- **Input data**
○ ○ ○ ○ ○
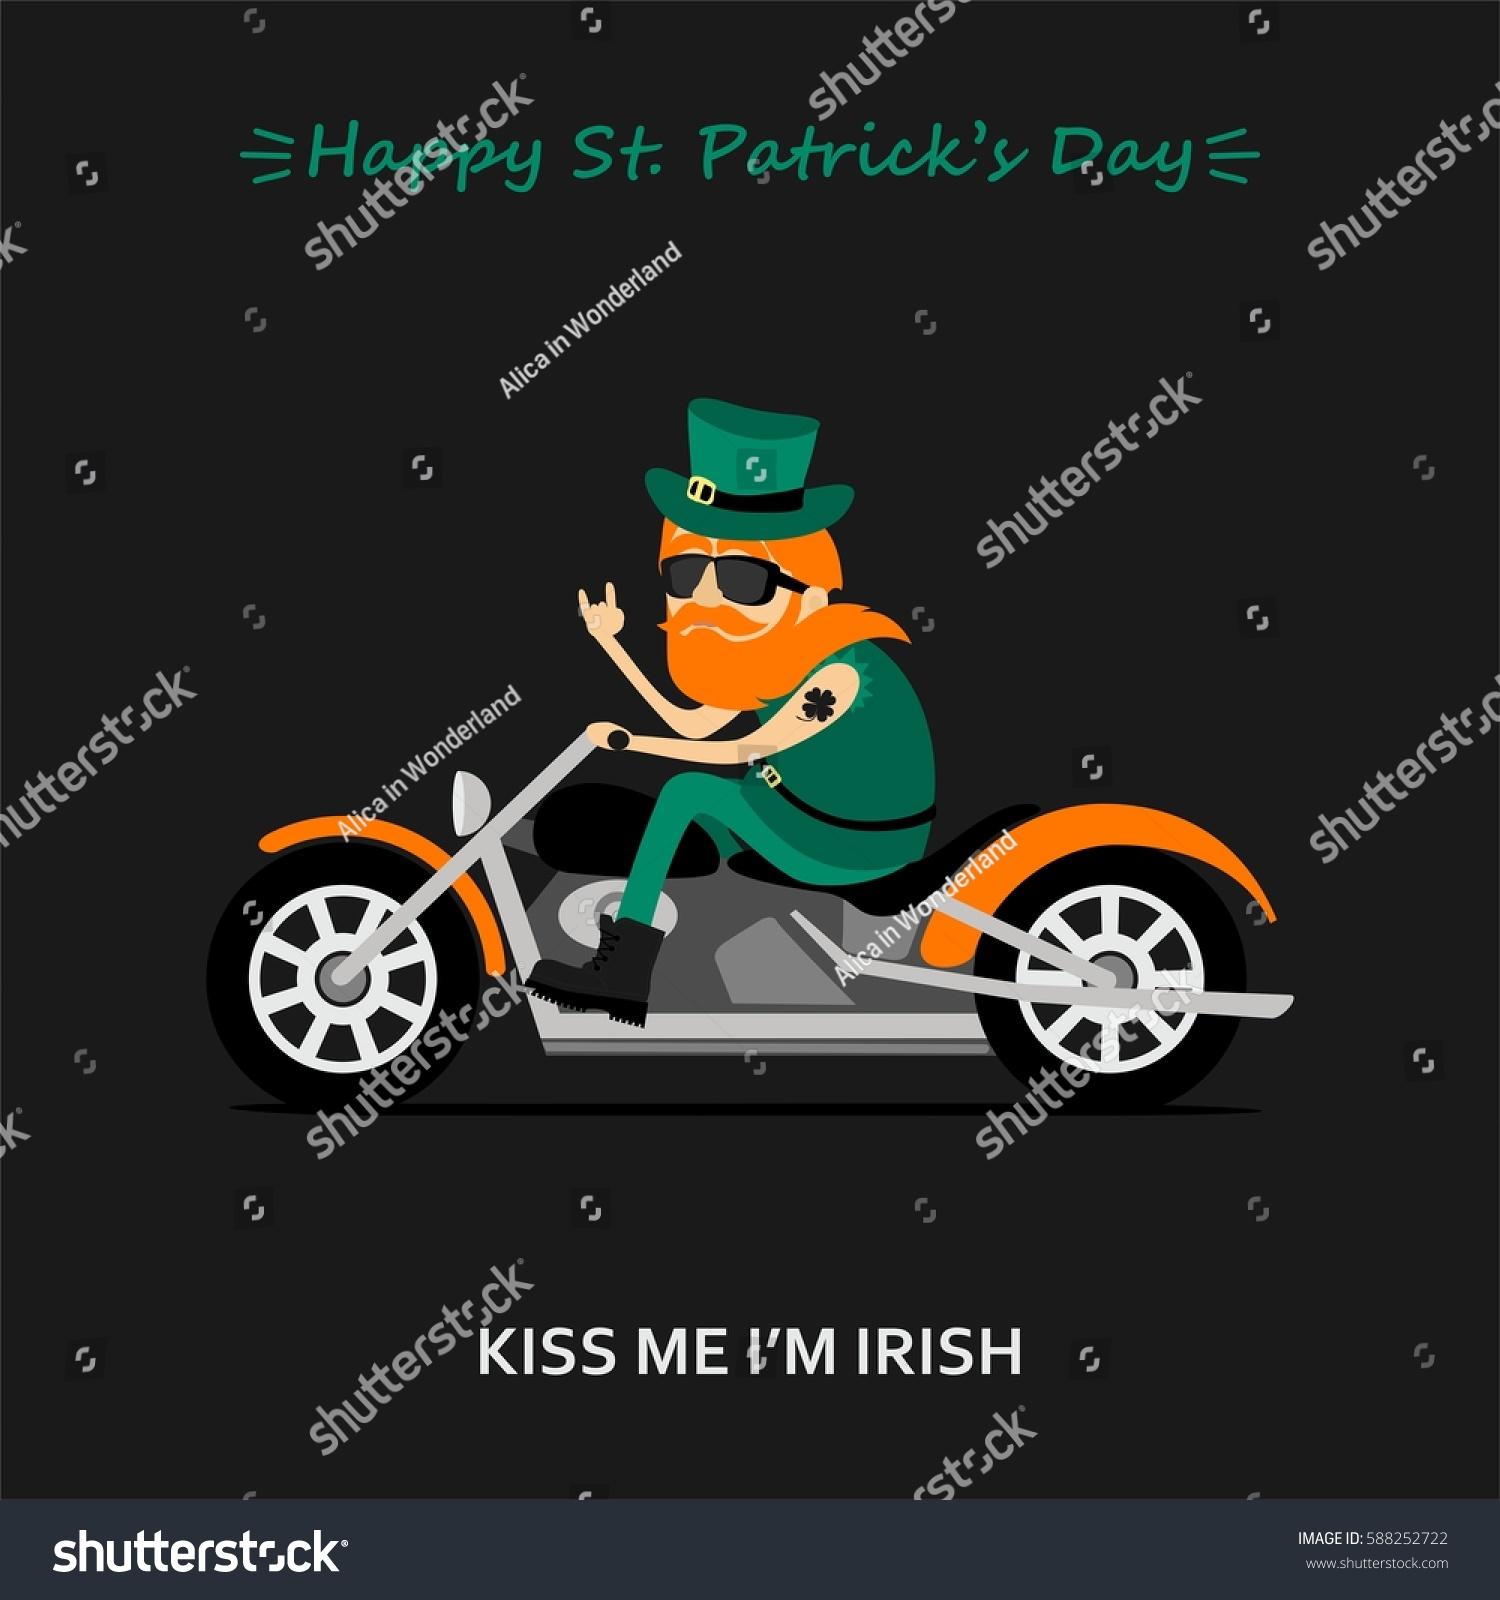 Iam A Rider Lambogini Song Download: St Patricks Day Greeting Card Banner Stock Vector
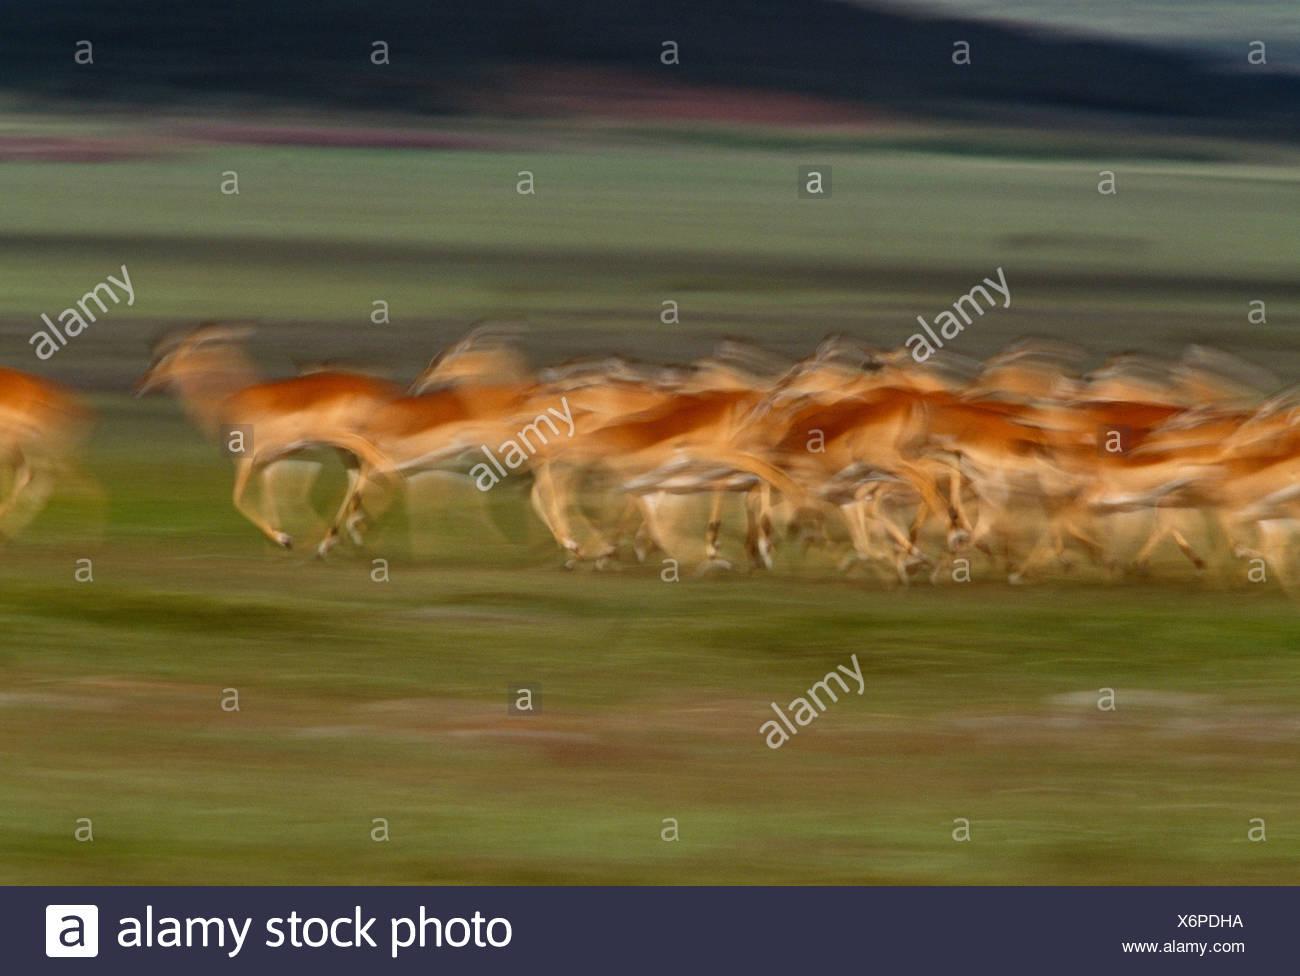 Impala herd, Masai Mara National Reserve, Kenya - Stock Image
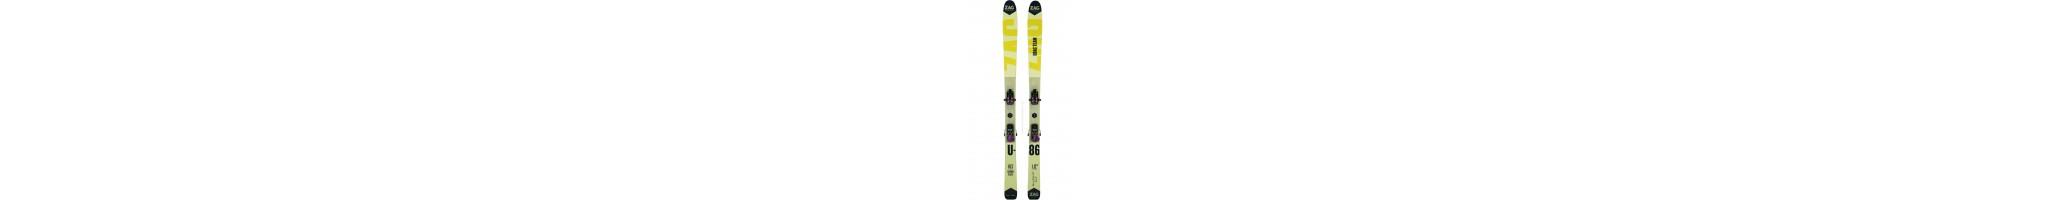 Ski de fond, ski nordique, ski skating ou alternatif pas cher sur LaBourseAuxSkis®
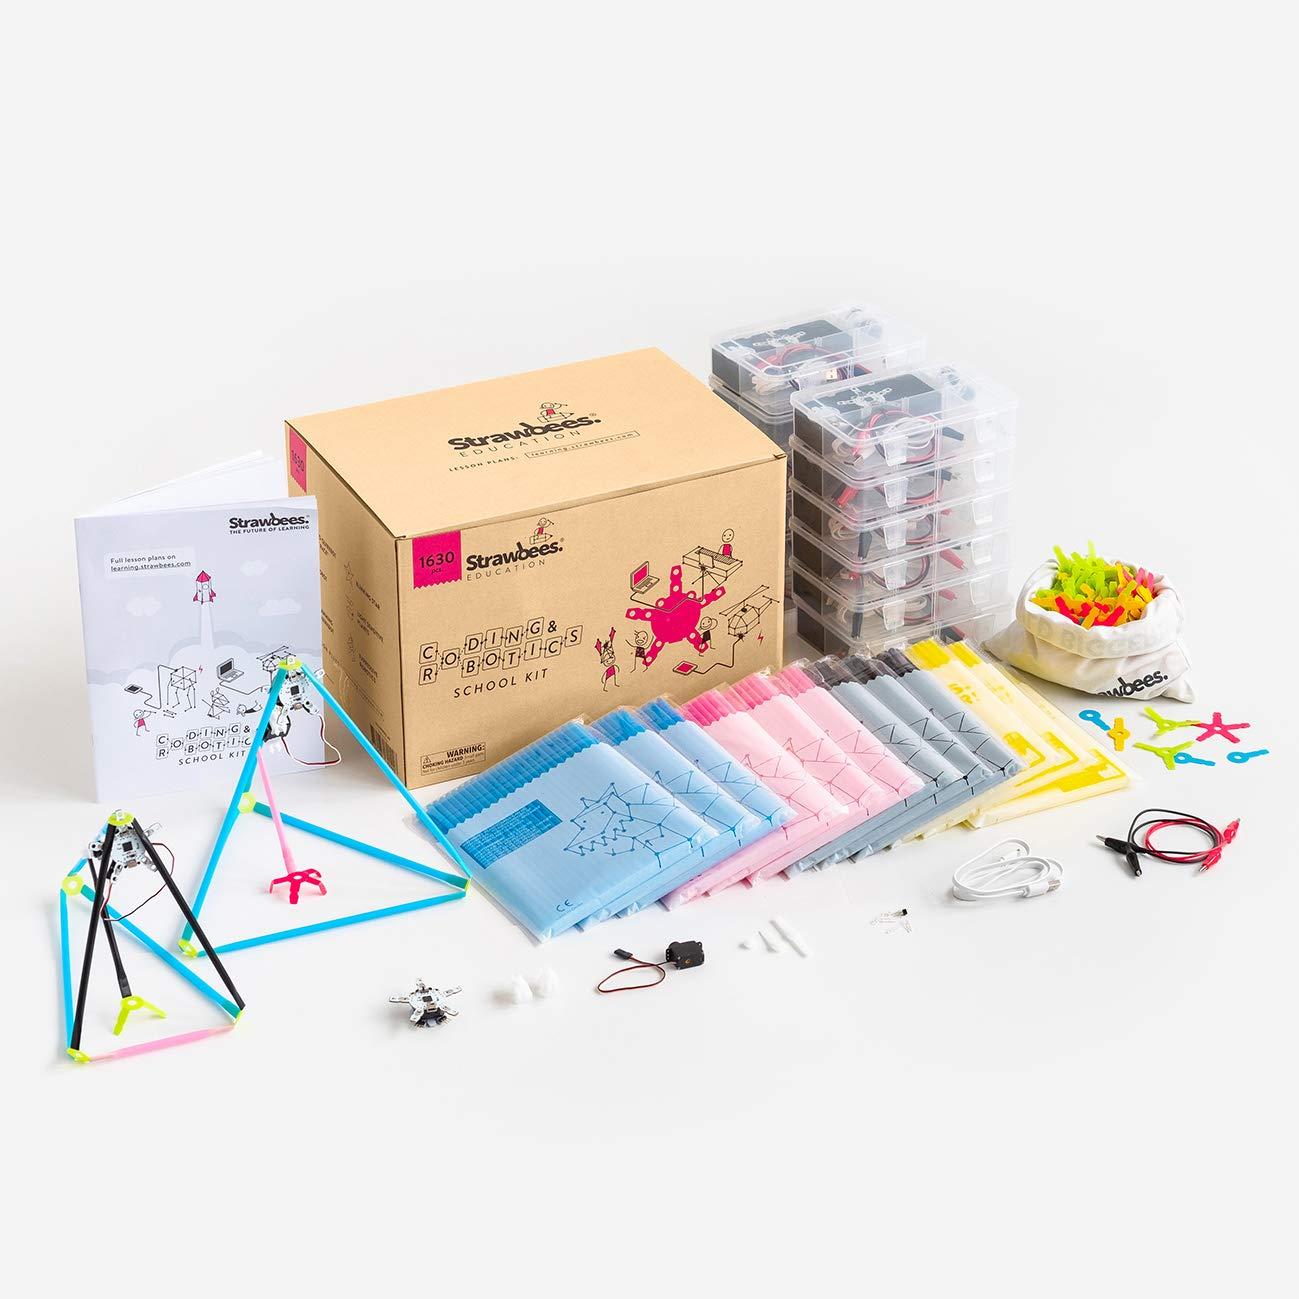 Strawbees Coding & Robotics Kit STEM Building and Programming School Kit
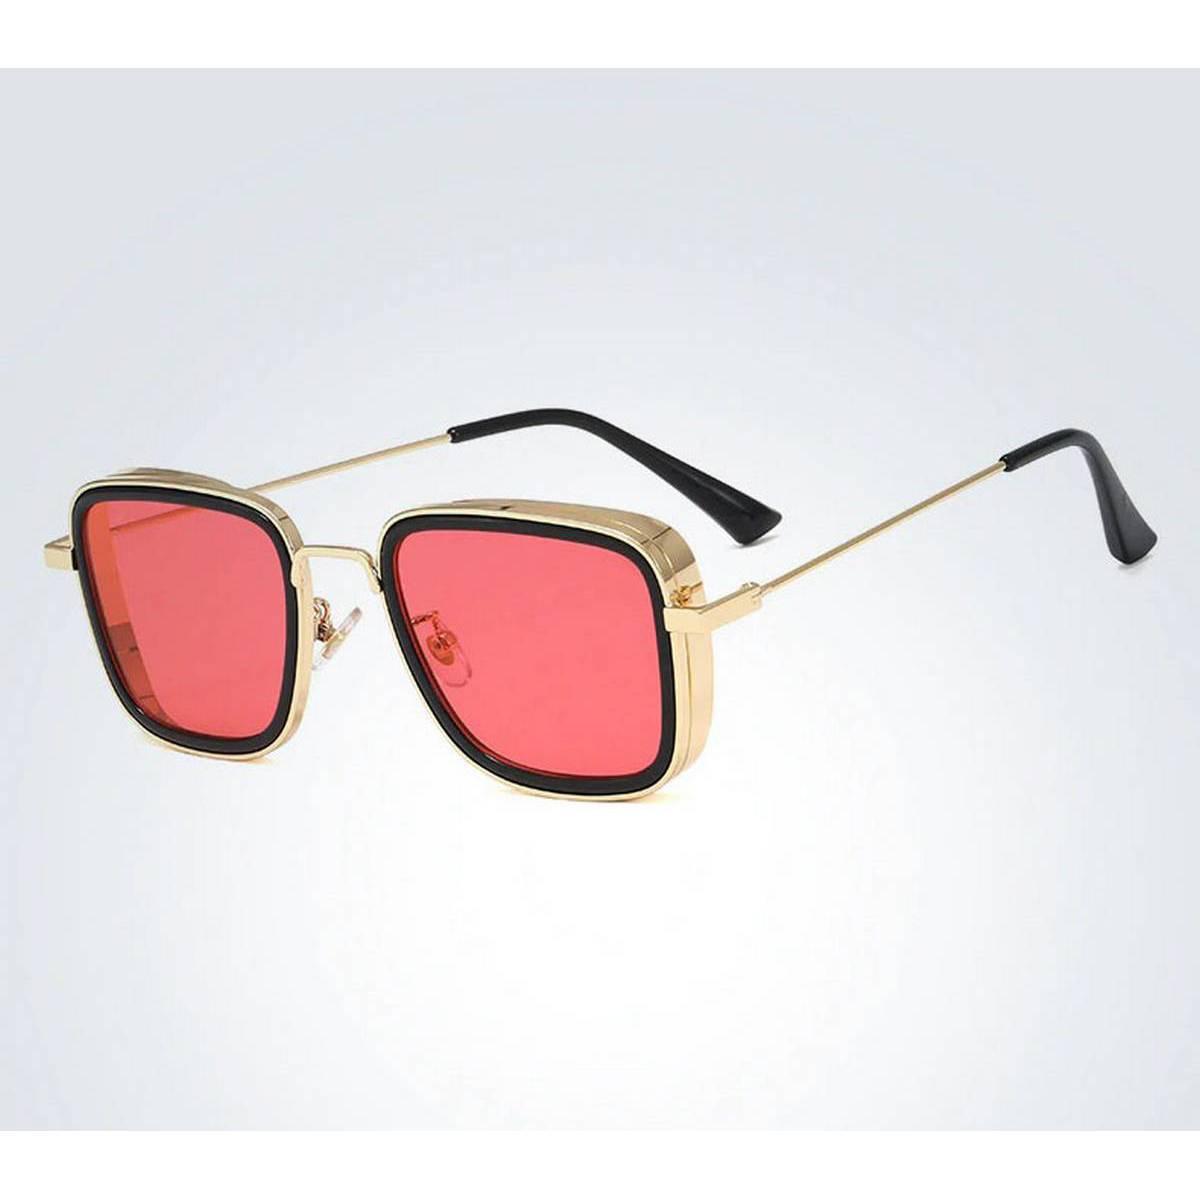 Kabir Singh India Movie Sunglasses Men Square Retro Cool Sun Shades Steampunk Style Sun Glasses for Men Metal Frame
○ ○ ○ ○ ○
- **Task item**
The lines to reproduce run from the line containing "Impala herd, Masai" through the last line of the records above, both included. Copy them exactly and drop the pictures.

- **Output below**
 Impala herd, Masai Mara National Reserve, Kenya - Stock Image
 Ski de fond, ski nordique, ski skating ou alternatif pas cher sur LaBourseAuxSkis®
 Strawbees Coding & Robotics Kit STEM Building and Programming School Kit
 Kabir Singh India Movie Sunglasses Men Square Retro Cool Sun Shades Steampunk Style Sun Glasses for Men Metal Frame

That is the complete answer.